When you get right down to it, the essential reason I am following a thread deep into the workings of music is that I sense the connection between music and spirit. I have even said in recent memory that music is spirit. Before the pandemic, my spouse (Vivian Montgomery) and I had a conference all planned, called Music and Spirit. We invited people to submit activities that they felt fit the rubric, and the range was great. Of course, in May 2020, everything was canceled, so it didn’t happen. We’re starting to think again about reviving it, finding a new location to host it.
So many ways of using music directly address the spirit of our life, and the very spirit of our lives has recognized parallels in music. A wide range of exploration is underway to understand scientifically the causes of this connection. From the physics of hearing, which branches into psychophysics by the time we’ve accounted for the full processing of sound as it enters the brain, there exists a traceable linkage from the purely physical, precisely located processing in the inner ear to widely dispersed, memory-influenced processing within the brain. That connection, from the physical to the psychological, is of great interest to me, certainly involving the metaphor-based thinking on which we so depend.

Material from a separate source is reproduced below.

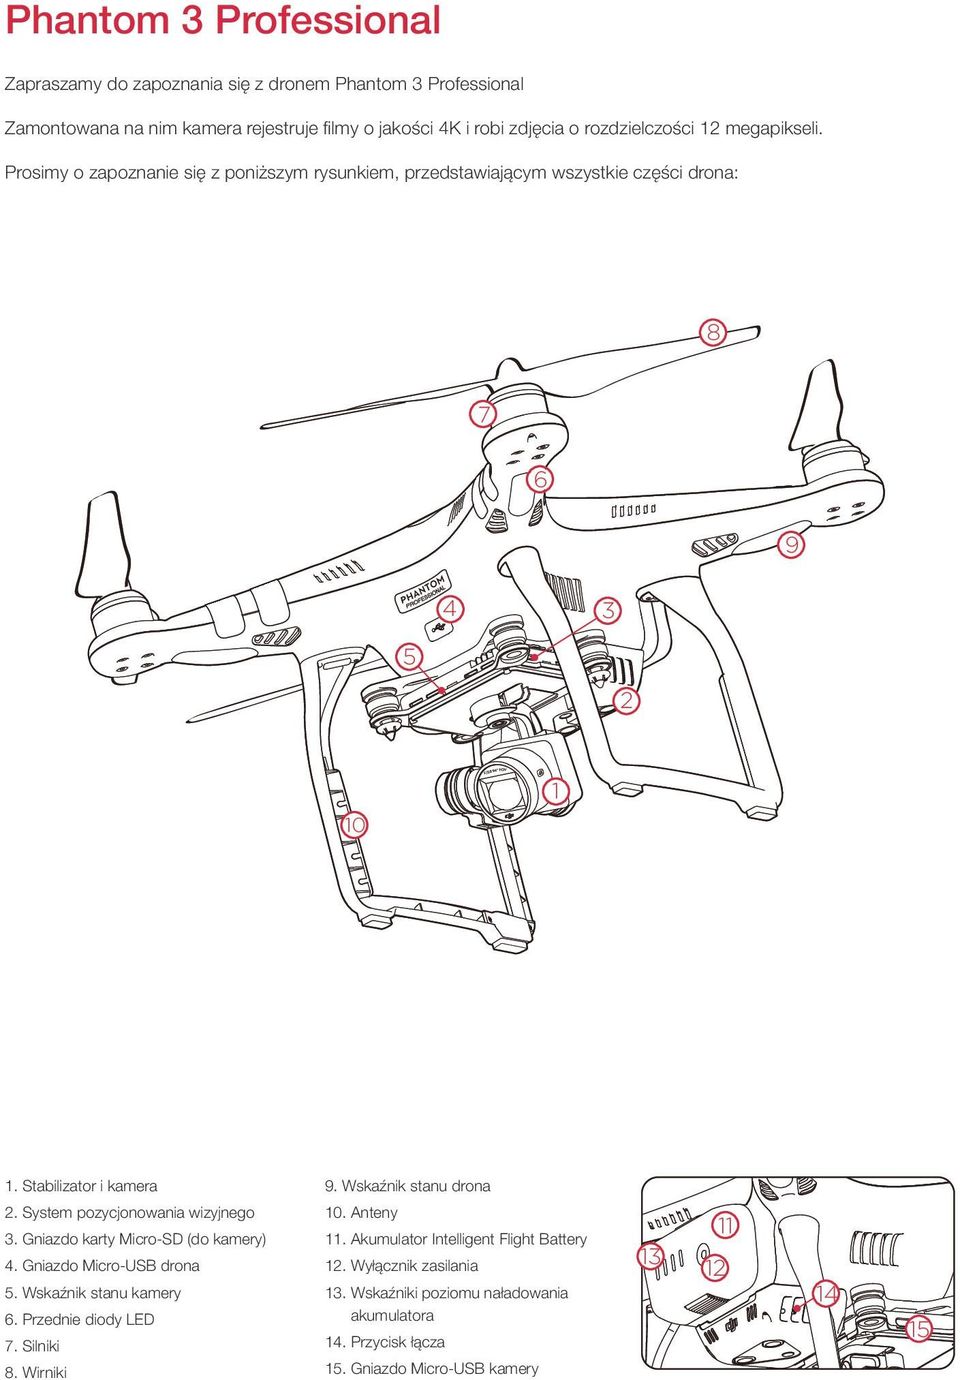 Wskaźnik stanu drona 2. System pozycjonowania wizyjnego 3. Gniazdo karty Micro-SD (do kamery) 4. Gniazdo Micro-USB drona 5. Wskaźnik stanu kamery 6. Przednie diody LED 7.

As regular readers of this blog will suspect, I believe that the whole issue of repetition and resonance is at the core of the connection. Even for the perception of pitch in the first place, quite numerous repetitions of a stable waveform are necessary. And the music that has developed in all cultures features repetition: of rhythmic cycles, of melodic patterns, of formal units. Life itself is bound up in repetitive cycles: years, days, breathing, sleeping… virtually every kind of meaning depends on repetition! Think of how we remark on something that “has never happened before”, like a flood or heat wave, only to find out that our range of reckoning was simply not expansive enough to include the previous occurrences. For something to repeat, it must have a recognizable pattern, and the repetition of that pattern creates other patterns.
I’ve read that the human mind is the ultimate pattern-detector. That points to the fact that all living things function to decipher patterns in their environment and prosper by adapting. In music, our theory has been so dominated by pitch, and therefore especially melodic patterns, that the large number of pattern-makers operating in the music we hear slide by beneath our consideration. I am on a campaign to remedy that, and establish just how important the patterns of other parameters are in creating impact, or meaning.
Through the patterns created – especially the more obvious aspects of music, like dynamic level and articulation – large groups can be influenced for good or ill. It is quite necessary to realize that while saying “music and spirit” tends to make us think “touchy-feely”, the reality is that the power of music to influence groups can be used to galvanize negative as well as positive energy. It matters a lot what we repeat! Mantras, religious texts, daily affirmations: the border between music and non-music hardly matters, but it is incredibly important that many of the world’s religious texts have been preserved over extensive periods through musical intonations, repetitions. And we see more and more these days the impact of repeating falsehoods.
For my part, I find that honoring each individual’s “lived experience” by simply accepting that what they hear is what they hear is incredibly empowering. No need to correct someone’s “mistake”. Given the opportunity just to hear others state having heard something differently and then listening again is usually enough for self-correction (if that’s in order), while telling them they’re wrong can indeed crush an emerging spirit. And when we get right down to it, what is “hearing it wrong”? The number of great improvements made in various disciplines due to someone getting it wrong compared to the status quo is quite high and very important. (Think: emperor’s new clothes.)
Music is spirit.
I forgot who said it–“Music begins where words leave off.” And we tend to seek repetition to those works that move us. The response is familiar, but never an exact replica. Sometimes it’s the performer as much as the piece–hence we go to films that star our favorite actor more than anything else, seeking a return to the pleasure we once received. Infatuation? It’s an eternal quest.